A combativa ministra Eliana Calmon, Corregedora Nacional de Justiça, que estava na Bahia, voltou ontem à noite a Brasília e se pronunciará hoje sobre os ataques que ela e o CNJ, Conselho Nacional de Justiça, vêm recebendo. Fiquemos atentos!

Eliana Calmon deverá responder hoje às críticas

Corregedora rompe o silêncio em entrevista coletiva

A ministra Eliana Calmon resolveu romper o silêncio e deverá convocar entrevista coletiva nesta quinta-feira (22/12), às 11h, no Conselho Nacional de Justiça, para prestar esclarecimentos e contestar acusações sobre sua atuação na corregedoria.

Eliana Calmon estava na Bahia, na véspera do recesso do Judiciário, quando foi surpreendida com as liminares concedidas pelos ministros do STF Marco Aurélio e Ricardo Lewandowski -- a primeira, reduzindo os poderes do CNJ e a segunda, suspendendo todas as investigações já iniciadas e que atingiriam 22 tribunais, com o objetivo de identificar eventuais casos de enriquecimento ilícito de magistrados, servidores e parentes desses membros do Judiciário.
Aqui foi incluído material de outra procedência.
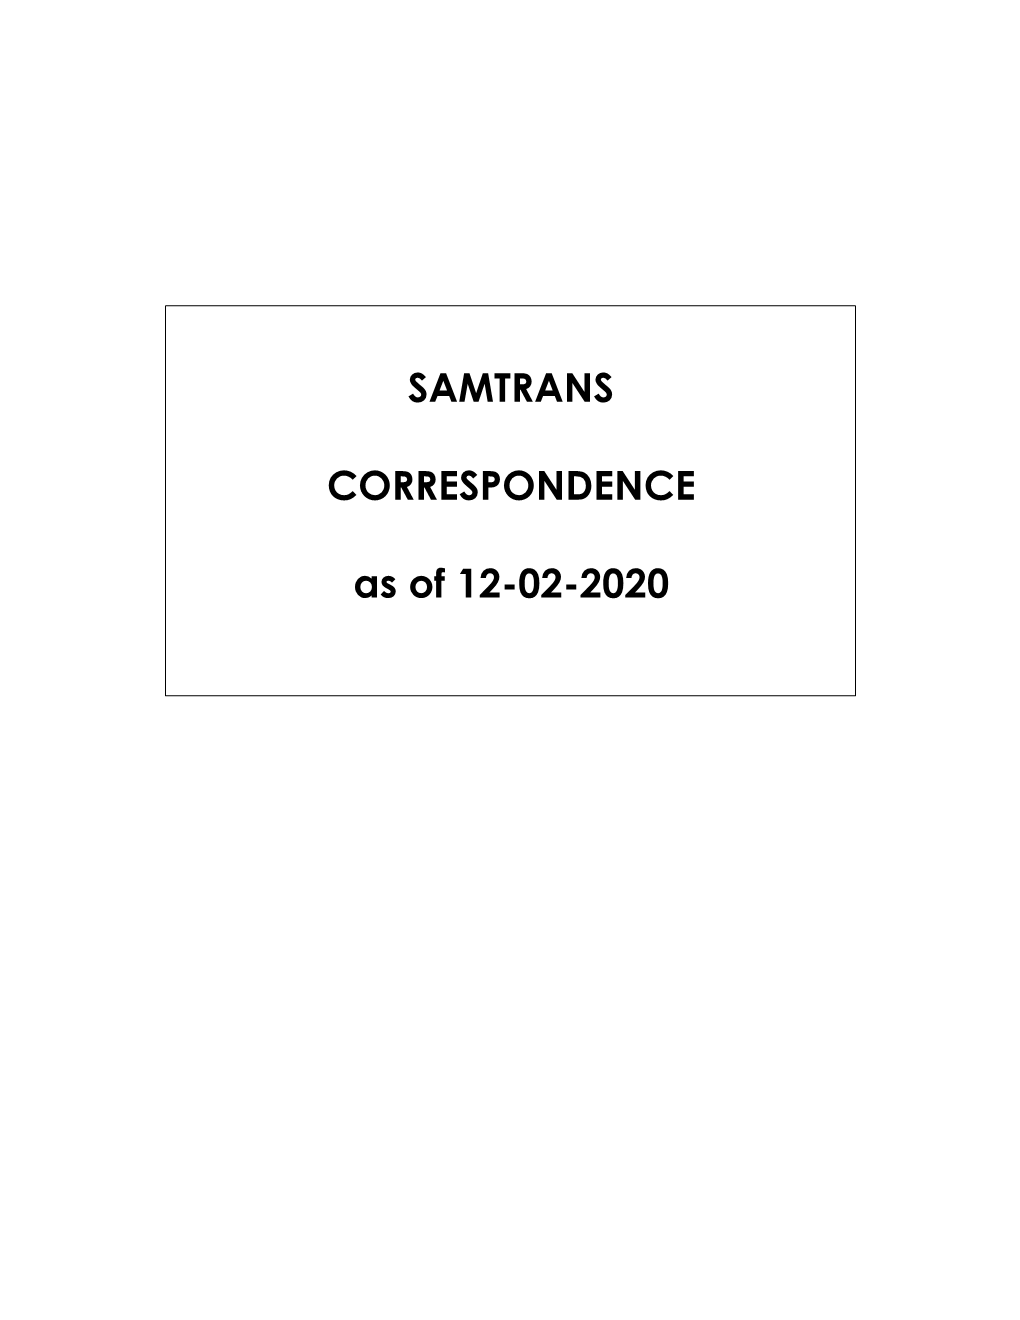 SAMTRANS CORRESPONDENCE As of 12-02-2020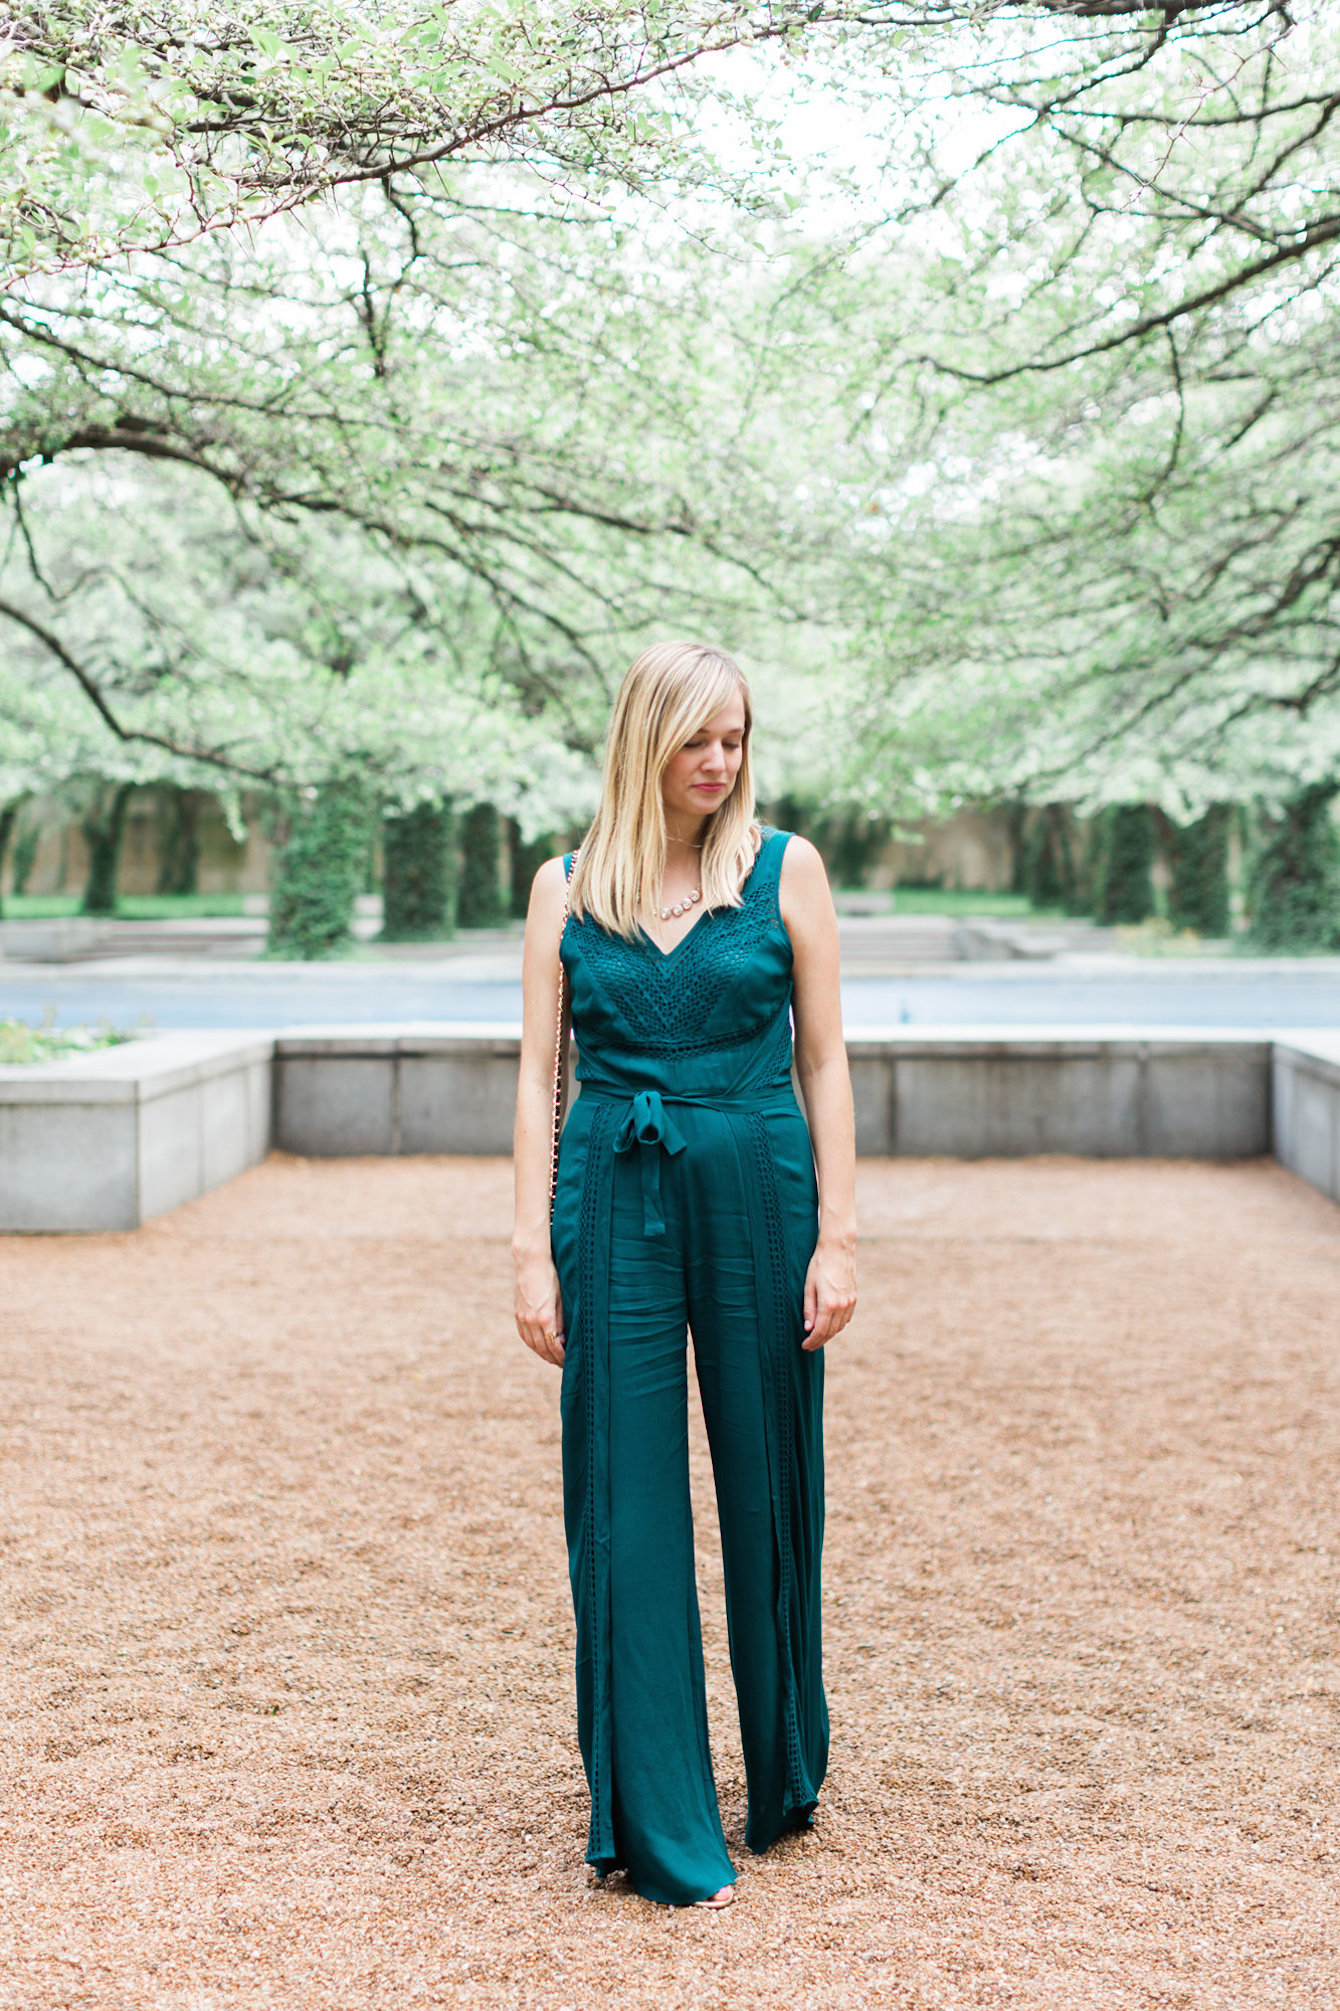 My Favorite Anthropologie Jumpsuit | Charmingly Styled

Incomodou inicialmente os juízes da Corregedoria Nacional o fato de as três associações de magistrados (AMB, Anamatra e Ajufe) terem alegado no mandado de segurança impetrado no Supremo Tribunal Federal que o CNJ havia determinado a quebra do sigilo bancário e fiscal de 217 mil pessoas, entre magistrados, servidores e familiares. Auxiliares da ministra afirmam que esse número não é verdadeiro e citam como exemplo as investigações no Tribunal de Justiça do Estado de São Paulo, o maior do país, que não atingiriam cem pessoas. Entendem que o número mencionado assusta a magistratura e atinge, principalmente, os juízes honestos -- a grande maioria do Judiciário.

Na interpretação de assessores da ministra, a articulação que resultou no mandado de segurança tem origem no TJ-SP, considerado o "centro da reação" à atividade de fiscalização do CNJ, desde a gestão do ministro Gilson Dipp como corregedor nacional; alegam que medidas semelhantes já haviam sido adotadas em outros tribunais estaduais, sem provocar resistência igual.

Eliana Calmon pretendia manter o silêncio durante todo o recesso, aguardando a decisão do plenário do STF, em fevereiro, quando a ação movida pela Associação dos Magistrados Brasileiros deverá ser colocada em julgamento.

Decidiu conceder a entrevista coletiva nesta quinta-feira, depois da leitura das notas oficiais emitidas pelos ministros do STF e pelos dirigentes das entidades de magistrados que questionam sua atuação na corregedoria.